— What the task asks —
Skipping any pictures, give all of the records below again exactly.
[Data for this exercise — start]
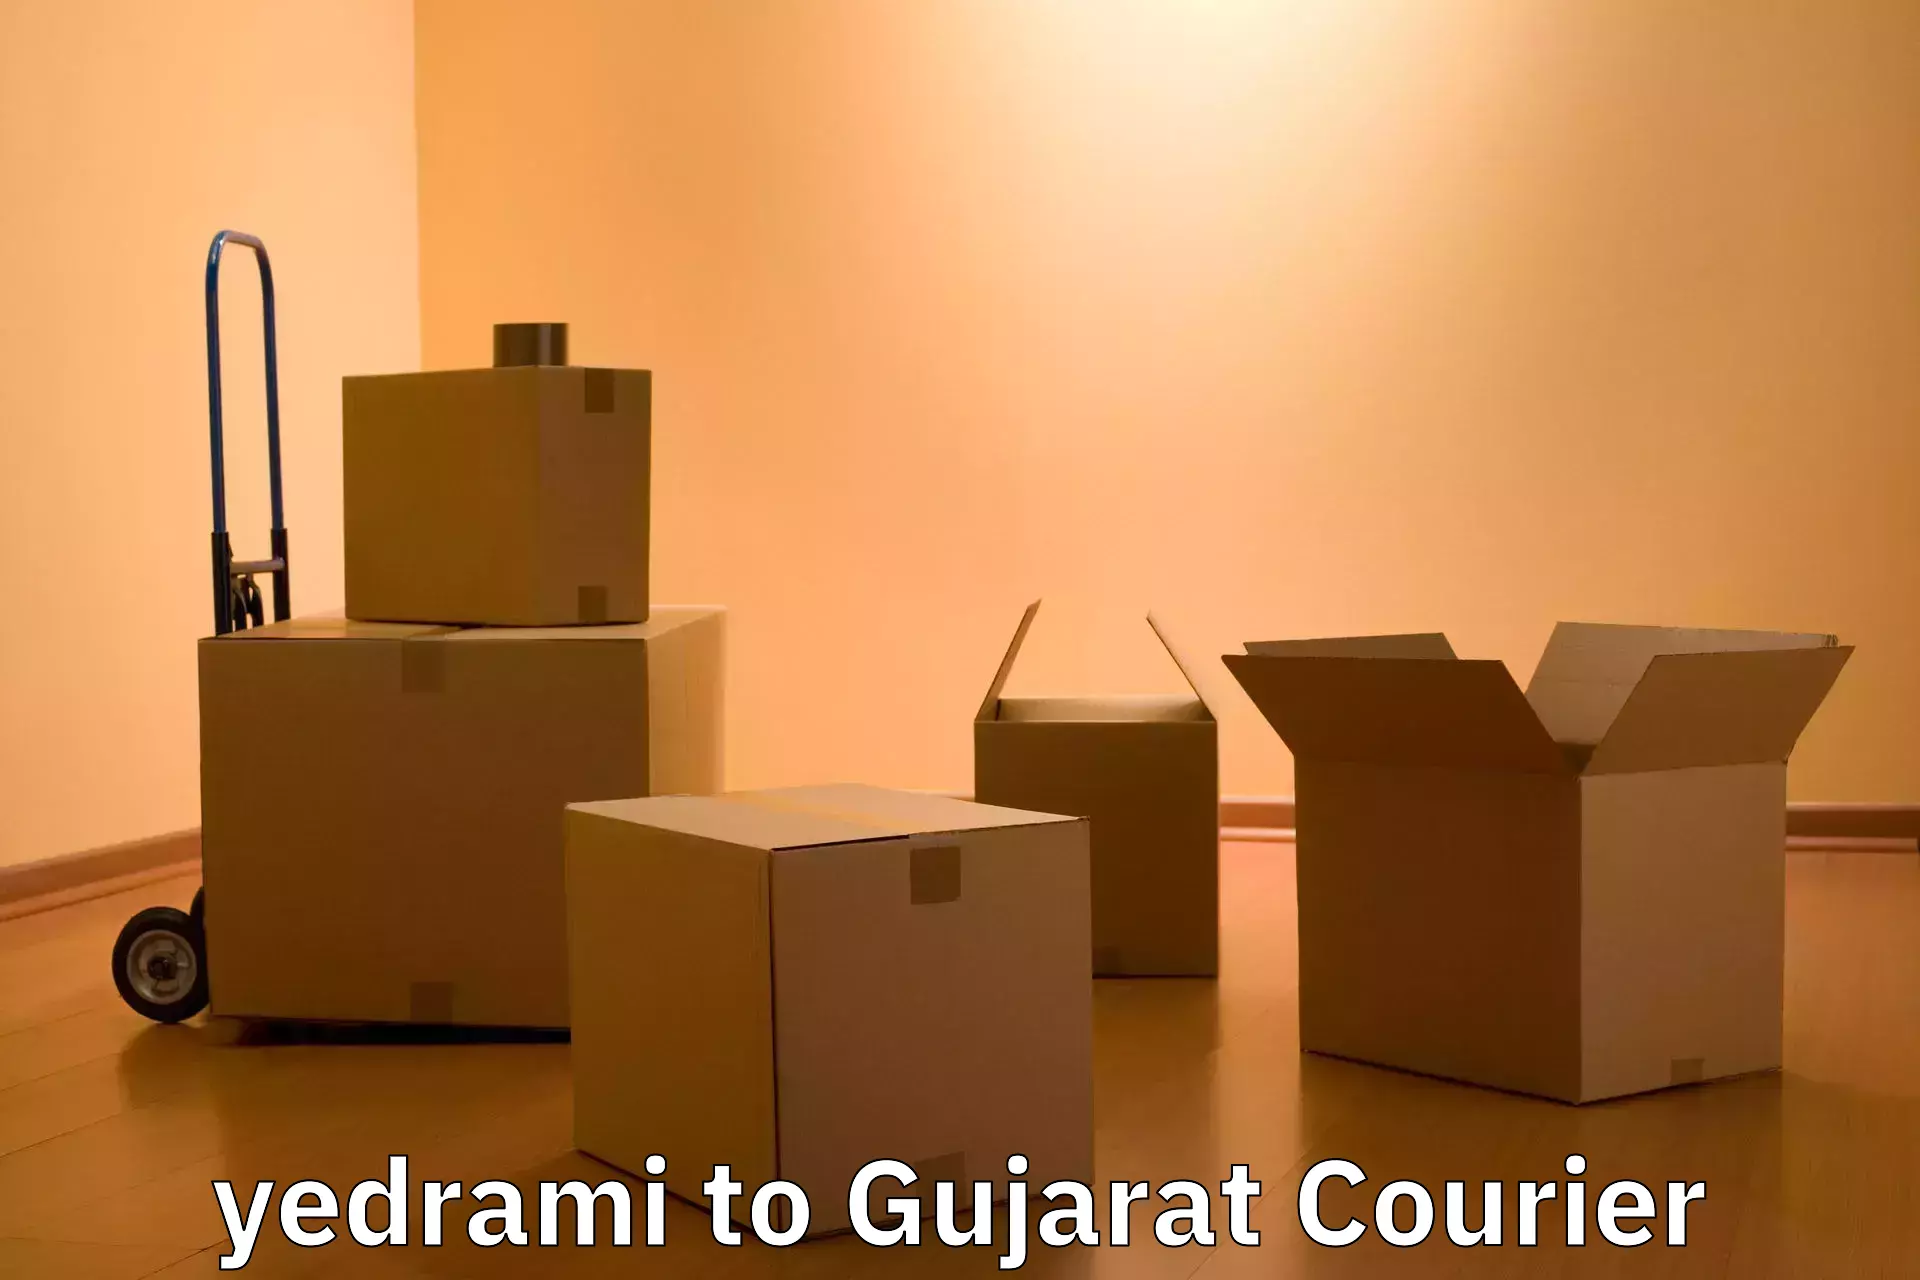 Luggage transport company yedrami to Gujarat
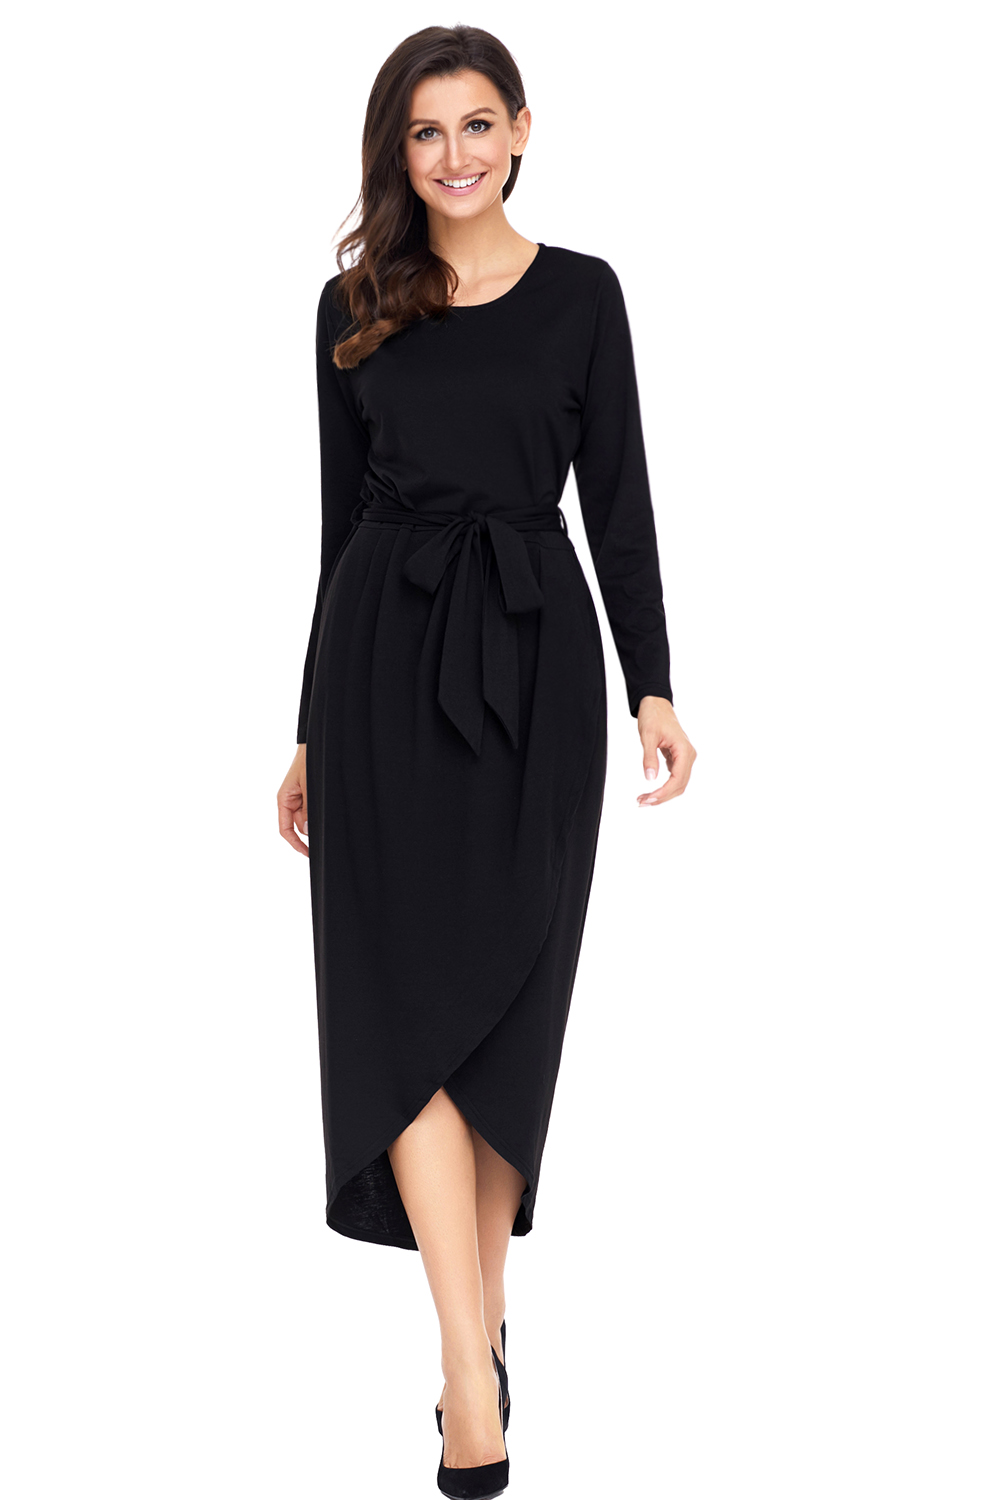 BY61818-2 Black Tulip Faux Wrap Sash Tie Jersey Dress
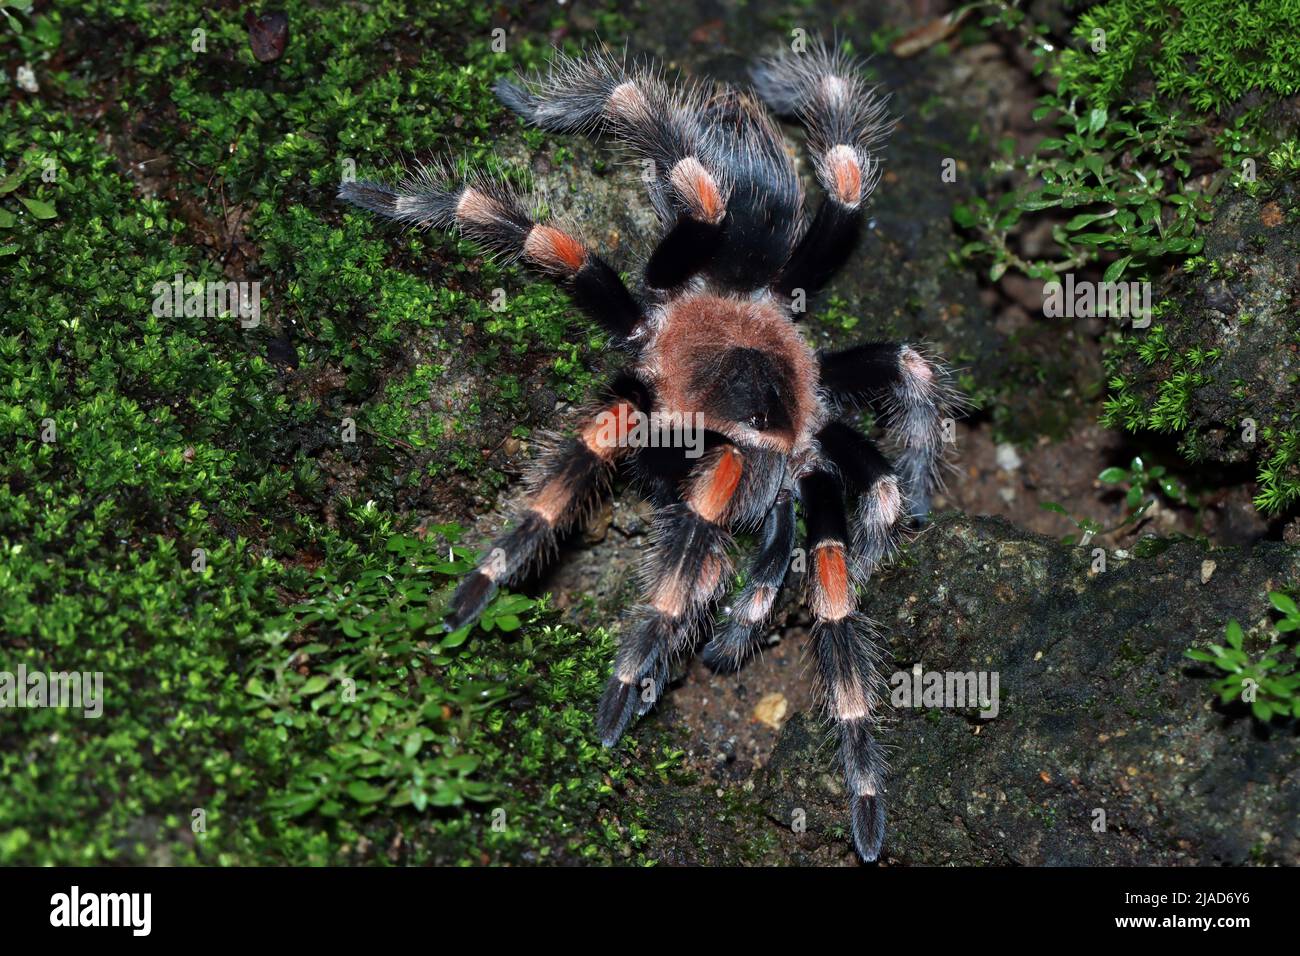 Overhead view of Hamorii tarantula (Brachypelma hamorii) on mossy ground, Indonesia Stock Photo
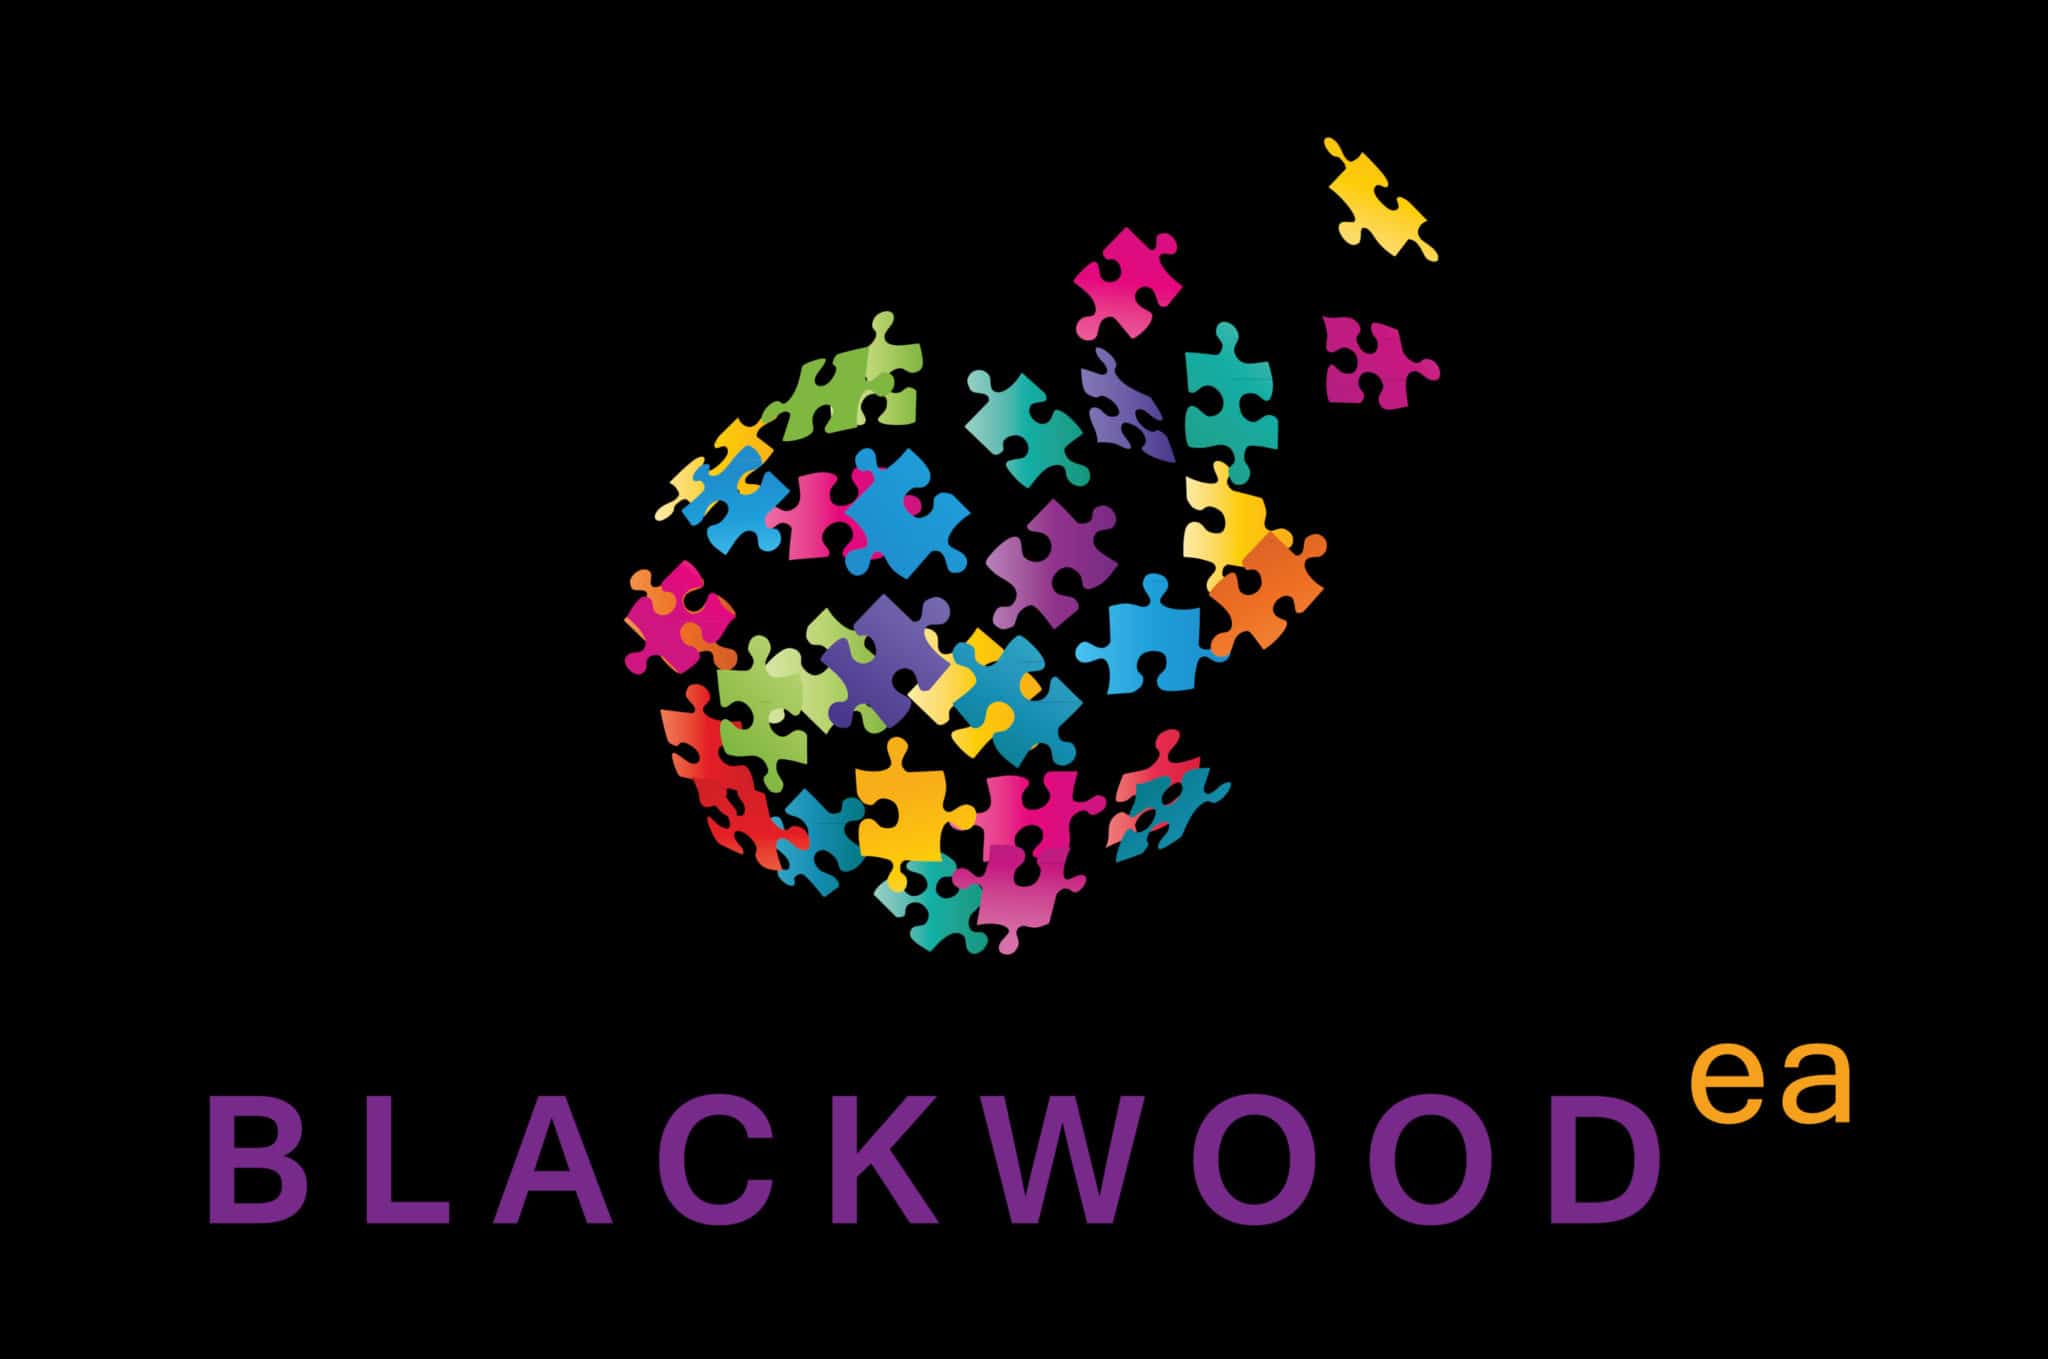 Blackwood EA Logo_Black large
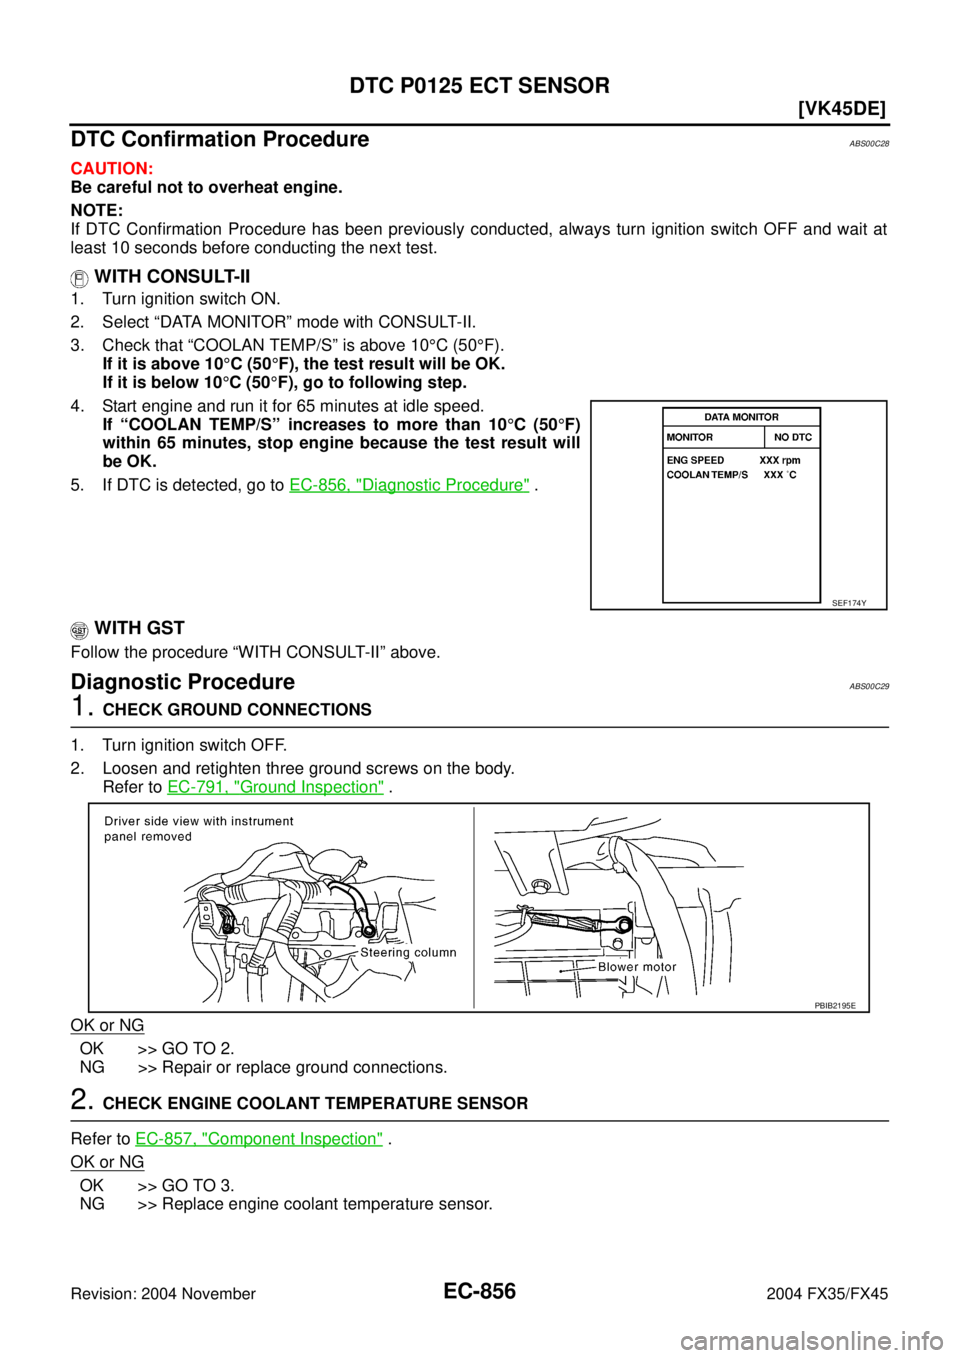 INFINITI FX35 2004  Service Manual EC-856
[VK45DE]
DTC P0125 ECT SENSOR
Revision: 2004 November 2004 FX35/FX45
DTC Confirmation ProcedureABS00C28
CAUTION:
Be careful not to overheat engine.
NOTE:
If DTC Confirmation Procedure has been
[Data for this exercise — finish]
— Finished task —
 Luggage transport company yedrami to Gujarat
 BY61818-2 Black Tulip Faux Wrap Sash Tie Jersey Dress
 Overhead view of Hamorii tarantula (Brachypelma hamorii) on mossy ground, Indonesia Stock Photo
 Blackwood EA Logo_Black large
 INFINITI FX35 2004  Service Manual EC-856
[VK45DE]
DTC P0125 ECT SENSOR
Revision: 2004 November 2004 FX35/FX45
DTC Confirmation ProcedureABS00C28
CAUTION:
Be careful not to overheat engine.
NOTE:
If DTC Confirmation Procedure has been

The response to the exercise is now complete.